QnA
Week 2
INSTITUT TEKNOLOGI SAINS BANDUNG
Name : Dhefio Alim Muzakki
Student ID : 52250014
Major : Data Science
Lecturer : Mr. Bakti Siregar, M.Sc., CDS.
library(tidyverse)
library(readr)
library(ggplot2)
library(dplyr)
library(ggridges)
library(knitr)
library(DT)Question And ASK
- What is the main purpose of our study? data scient programming?
Beyond practical data cleaning, the academic purpose of this study is to establish a new way of knowing.
Unified Inquiry: It seeks to unify statistics, computer science, and domain expertise into a single framework to understand “actual phenomena” through data.
The Fourth Paradigm: Academics view data science as the next stage of science (following experimental, theoretical, and computational science). Its purpose is to handle the “deluge of data” that traditional methods can no longer process, allowing us to ask questions that were previously unanswerable.
Data-Driven Smart Computing: The goal is to move beyond simple “analytics” toward “intelligent systems” that can simulate, predict, and automate complex human and natural environments.
- Why do we learn about it?
Programming is considered the foundation of Data Science. We learn it because it enables professionals to:
Process and clean raw data efficiently: Managing data so it is ready for analysis.
Perform Exploratory Data Analysis (EDA): Uncovering trends and hidden patterns.
Build Machine Learning models: Creating systems that can make accurate predictions.
Create Data Visualizations: Building compelling charts and dashboards for effective storytelling.
Bridge Technical Skills with Domain Knowledge: Allowing the use of tools (like Python and R) to solve real world problems in specific industries.

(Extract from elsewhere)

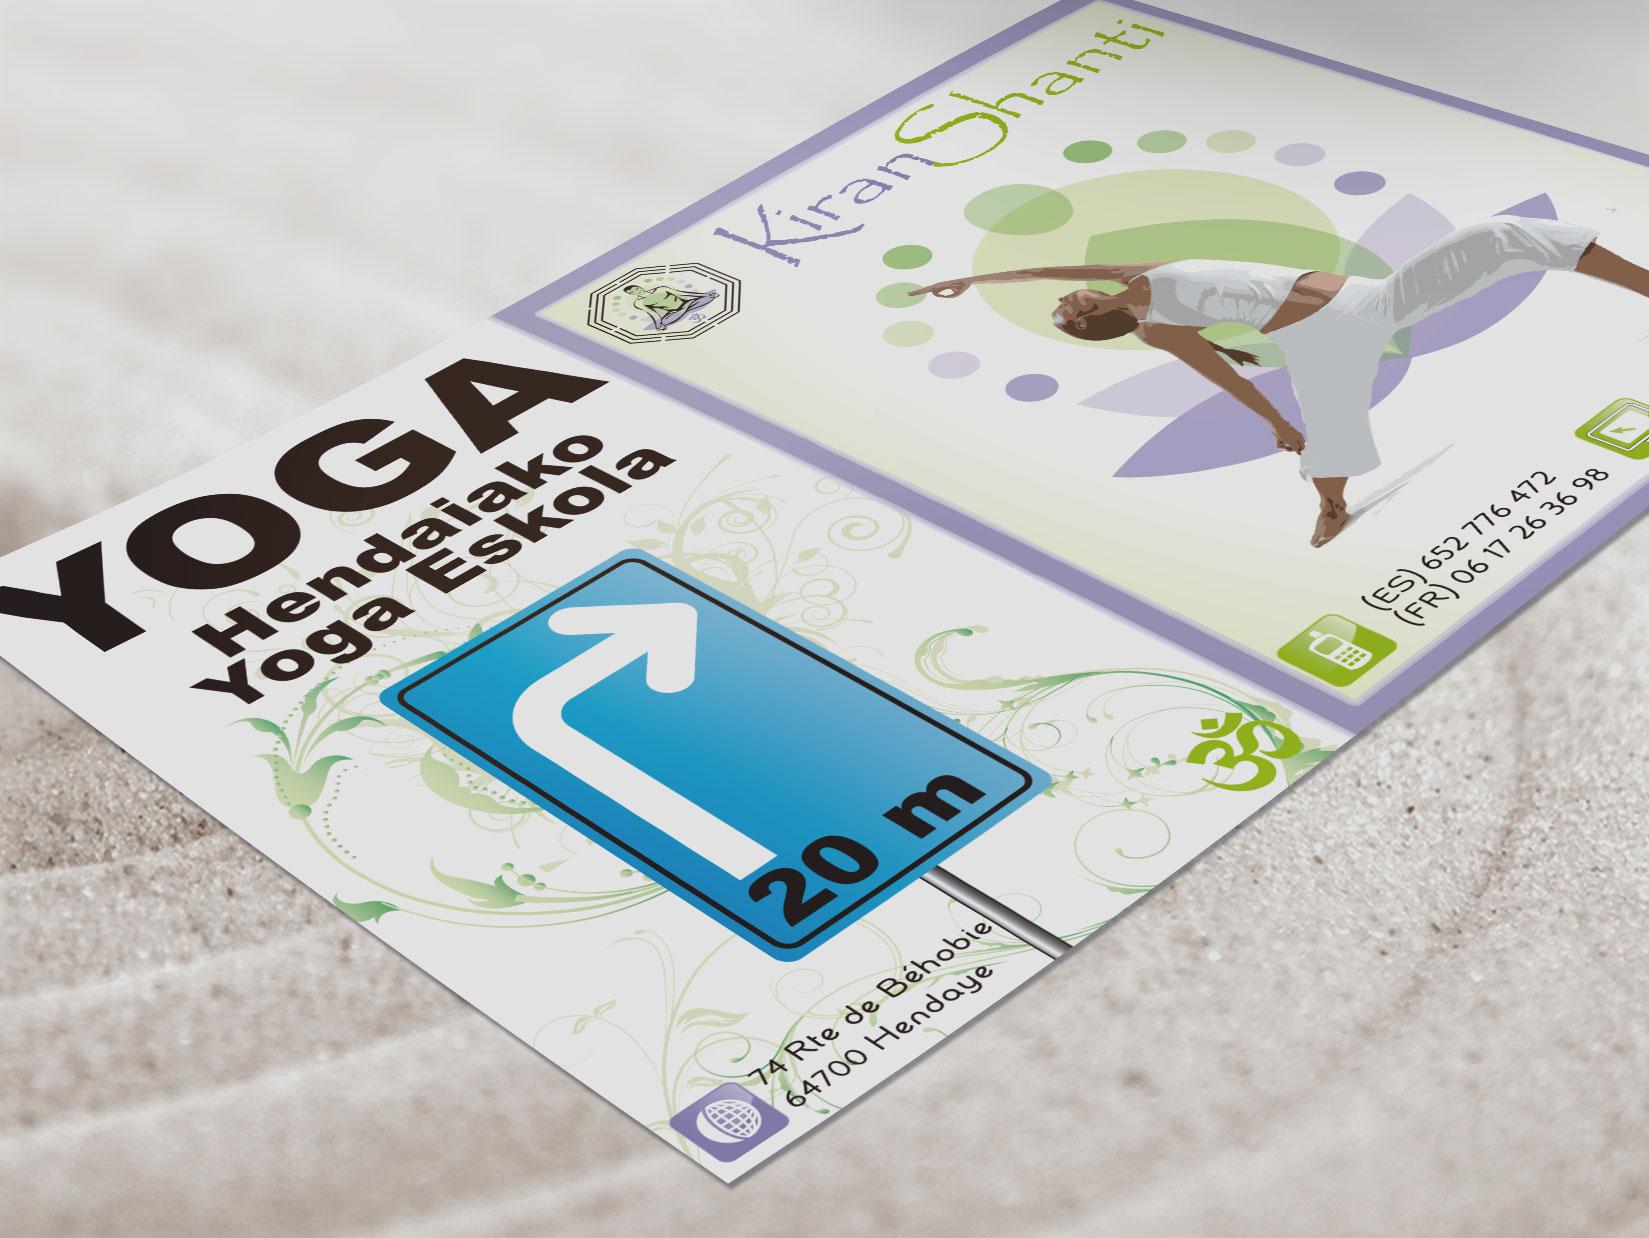 Diseño Logo. Diseño gráfico e impresión de carteles, vinilos, folletos para KiranShanti.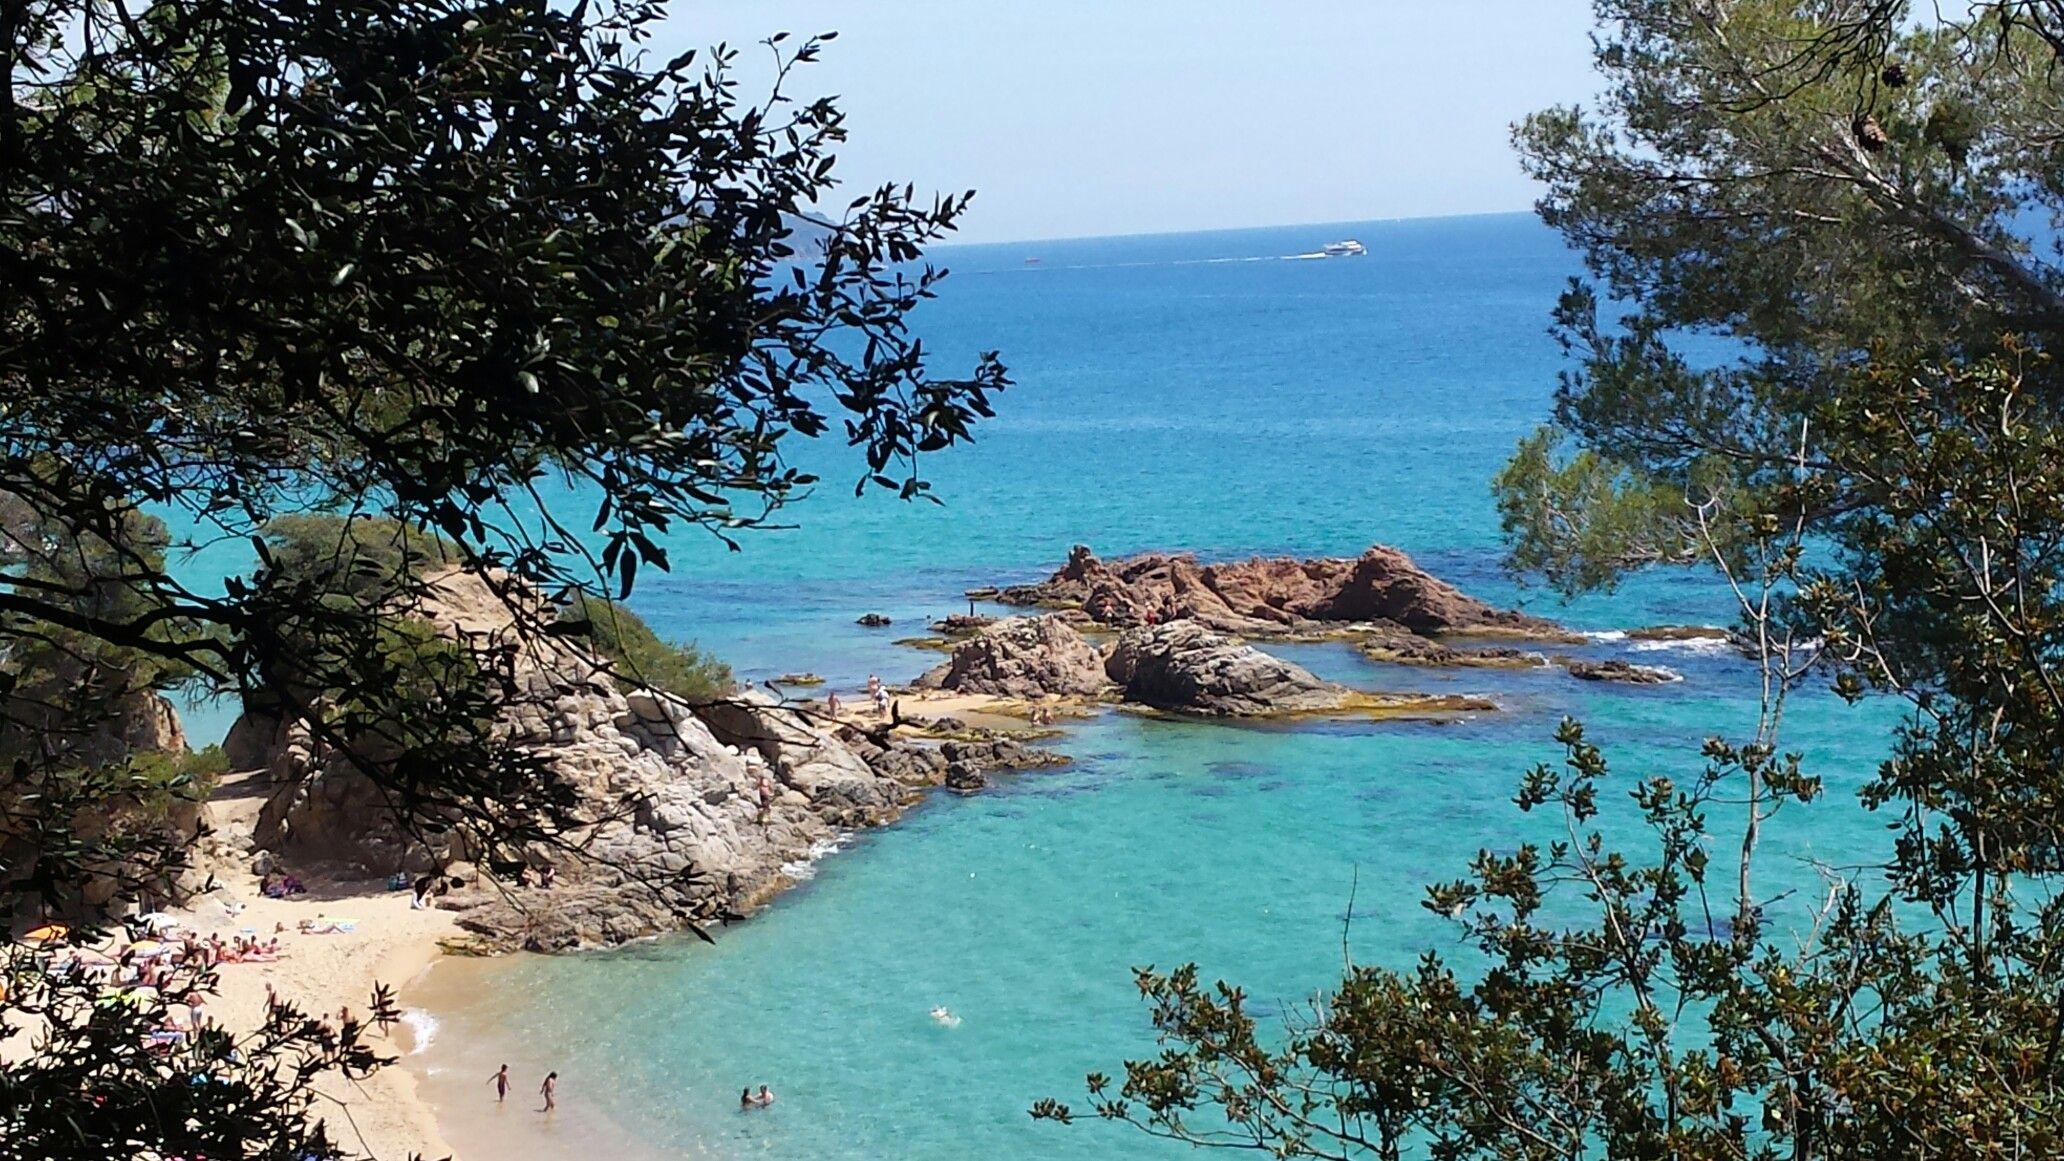 Cala Treumal Blanes Costa Brava Outdoor Water

Solving “Wicked Problems”: We learn it because the most pressing challenges of our century climate change, precision medicine, and resource scarcity are too complex for human intuition alone.
- what tools to have to expert about
- The Core Languages (The Foundation) You cannot be an expert without a deep command of these three:
Python: The most versatile tool for AI, machine learning, and automation.
R (and RStudio): Essential for academic research, complex statistical modeling, and high quality data visualization (using ggplot2).
SQL: The “Key to the Vault.” Necessary for communicating with databases to extract and filter large scale structured data.
- Specialized Libraries (The Engine) Expertise is defined by how well you use these libraries to perform heavy lifting:
Data Wrangling: Pandas and NumPy (Python) or dplyr and tidyr (R). These allow you to clean “messy” data into “tidy” data.
Machine Learning: Scikit-learn for traditional models; TensorFlow or PyTorch for Deep Learning and AI.
Visualization: Matplotlib and Seaborn for static plots; Plotly or Shiny for interactive web-based dashboards.
- Integrated Development Environments (The Workshop) Experts use environments that allow for experimentation and documentation:
Jupyter Notebook / JupyterLab: The industry standard for “literate programming,” where you combine live code, equations, and narrative text.
VS Code: Preferred for production-level coding, debugging, and integrating with cloud services.